The scope continued to expand. Moving beyond the product itself, the focus shifted to the people building it. Across the US, Europe, the Middle East, and Africa, Kenneth led cross-functional teams spanning dozens of nationalities.

Building products is difficult, but getting a team to align, coordinate, and execute in the face of deep uncertainty is harder. The work became about designing the organizational environment where high contribution was the default behavior.

Then product systems.

That understanding of individual behavior naturally scaled to product design. At Ultragenyx, Kenneth led the product design and built the team for a sophisticated product system that succeeded after three previous vendors had failed.

The challenge was no longer just motivating an individual user, but architecting a system that could handle complexity, scale, and stalled momentum, turning a struggling ambition into a working, reliable platform.

Then transformation.

Today, Kenneth advises organizations navigating AI implementation, digital transformation, and systemic change. When these efforts stall, it is rarely due to a lack of technology. It is almost always a failure of behavioral systems—people hesitating, protecting themselves, or misaligning due to mismanaged incentives.

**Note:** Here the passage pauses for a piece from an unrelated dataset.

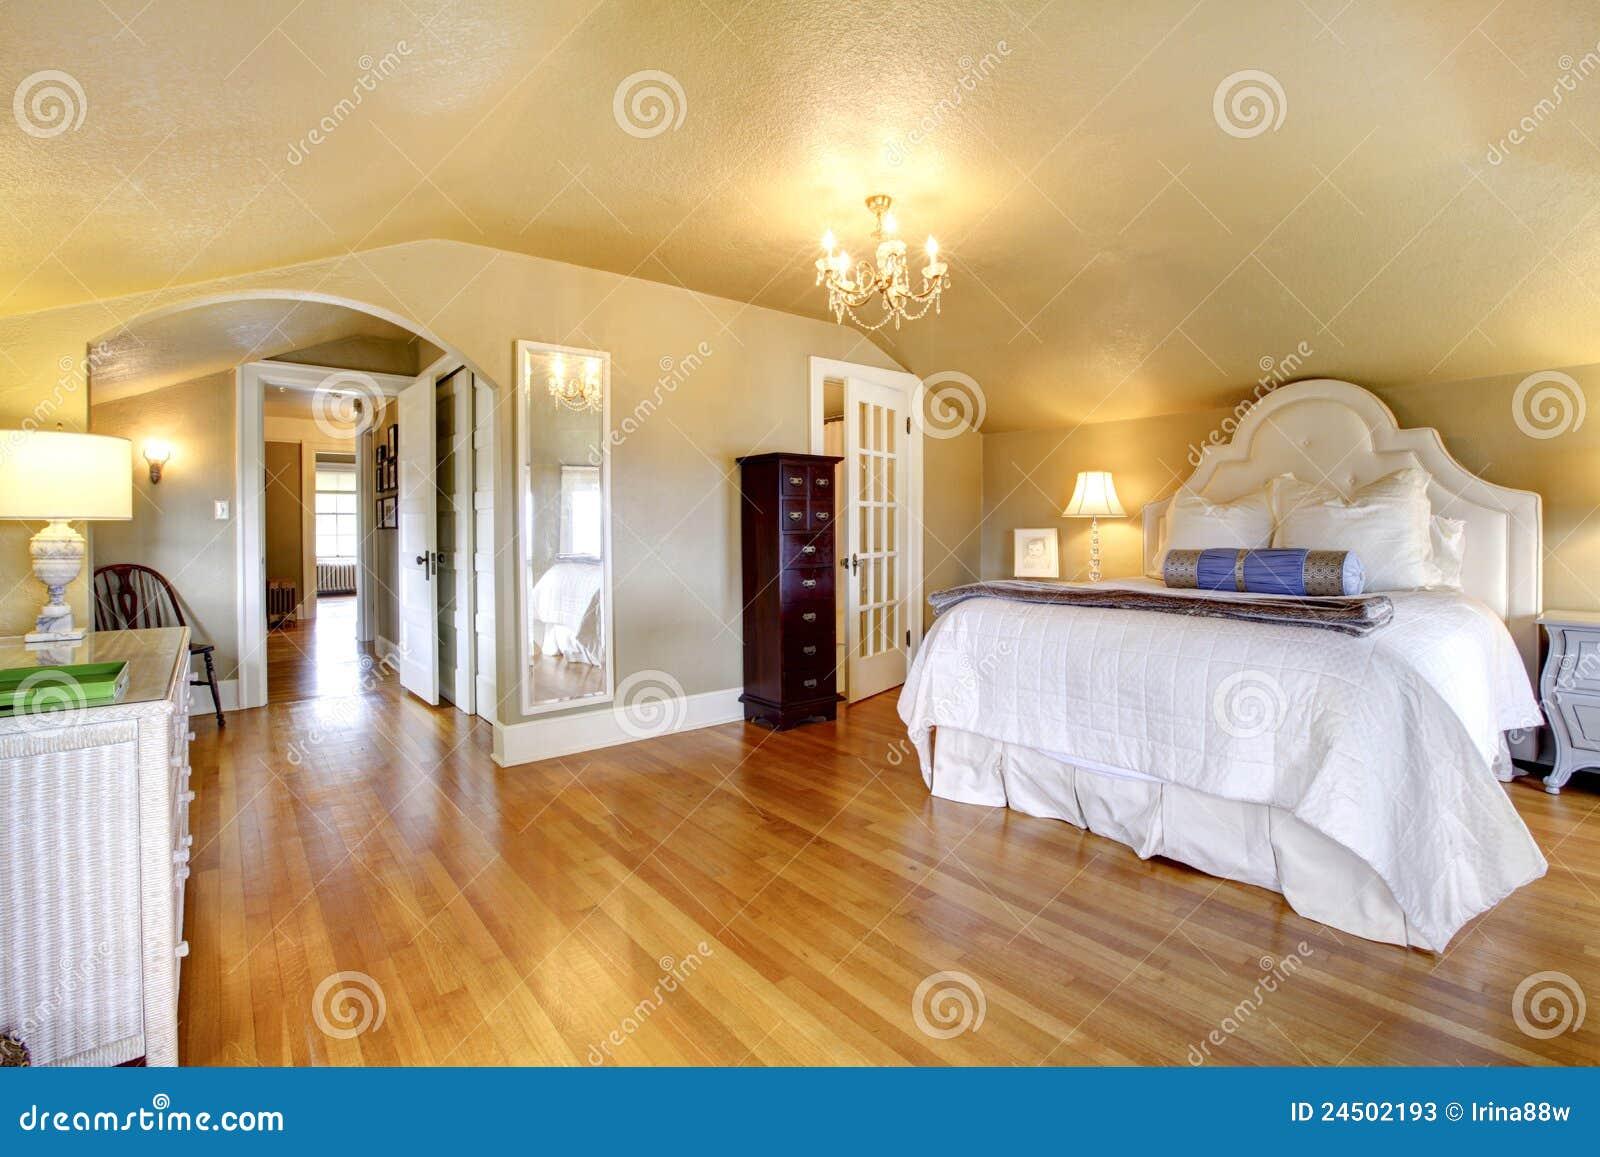 Luxury Elegant Gold Bedroom Interior Stock Image - Image of ...

Transformation work requires someone who can walk into ambiguity, identify the behavioral blockers, and create a structured path forward.

Then the framework.

All of these experiences—from early behavior change software to global product leadership—have been distilled into Stone Soup Strategy.

The book serves as the underlying framework for all of Kenneth's current advisory work, providing leaders with a practical, game-theory-driven model for making difficult change understandable and executable.